# My Nephew the sloosher!



## elk22hunter (Sep 7, 2007)

My nephew went out in search of the ever so illusive Mule Deer Buckie today and scored!


----------



## NHS (Sep 7, 2007)

Very cool! Congrats to him.


----------



## wyogoob (Sep 7, 2007)

Tell him "good job"


----------



## Huge29 (Sep 17, 2007)

Nice; is this on the good side of the state line?


----------



## svmoose (Feb 28, 2008)

Very cool, he must have been using some good broadheads.


----------



## stixnblades (Aug 26, 2010)

The kid is good. Always seems to pull one out.


----------



## elk22hunter (Sep 7, 2007)

Huge, yes he was in Utah.

SV, He is the Poster child for the Epek Broadhead! He has killed an Aligator, a Hog, a Buffalo and two 4x4 Mule Deer in consecutive years............I might add that he holds the world record for the fastest kill with the Broadhead. His Buffalo turned to run after only ONE shot and made it litterally 3 steps before his legs going out on him and he was down.

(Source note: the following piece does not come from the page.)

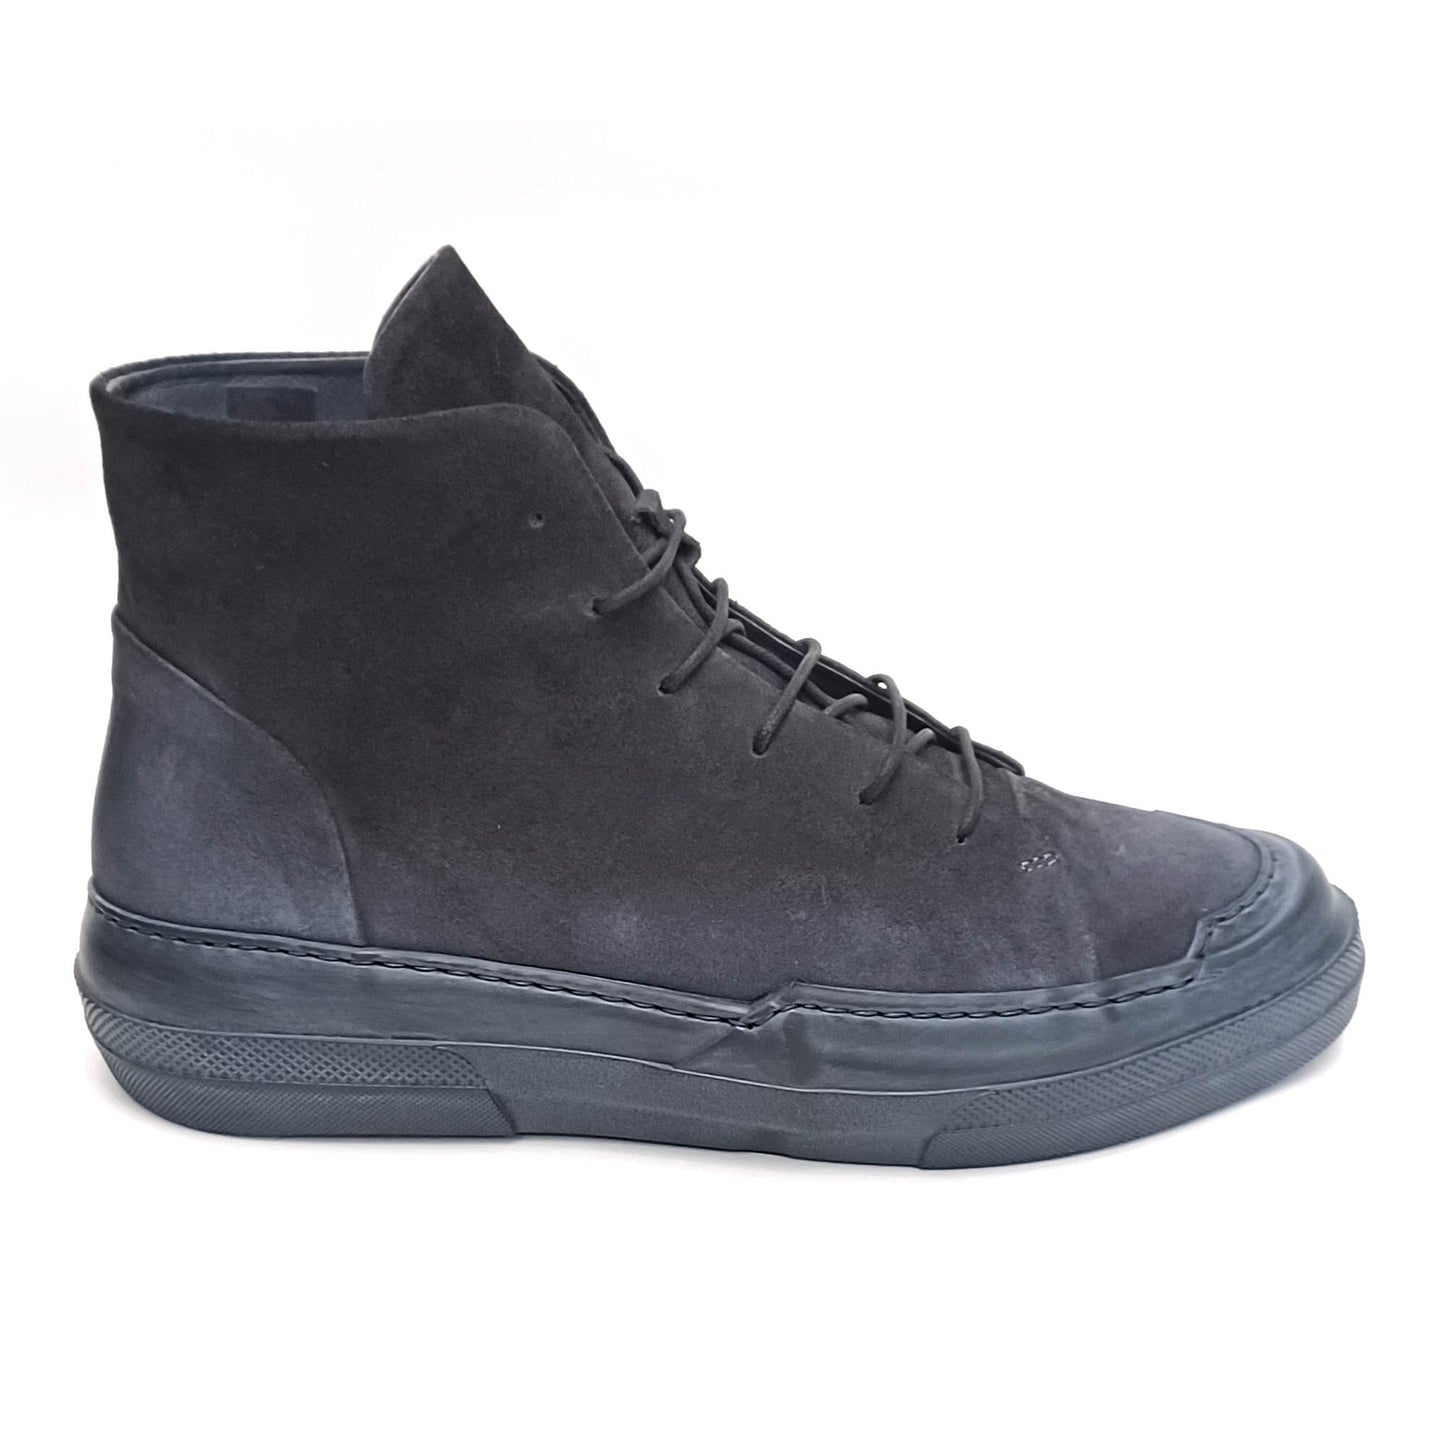 Lofina Charcoal Suede Ankle Boots- MENS

Down in 10 feet and dead in 30 seconds. On investigation, we have determined that the best place to drop the blood pressure of an animal is to NOT hit them IN the heart but right at the TOP of the heart where all the plumbing goes in. If you sever all of the plumbing at once, they are done and in a BIG hurry.


----------



## Size Matters (Dec 22, 2007)

That is cool good job. 8)


----------



## Raptorman (Aug 18, 2009)

Nice buck, congrats!


----------



## Al Hansen (Sep 7, 2007)

Nice. Well done.


----------



## tuffluckdriller (May 27, 2009)

Nice job! Great Buck!


----------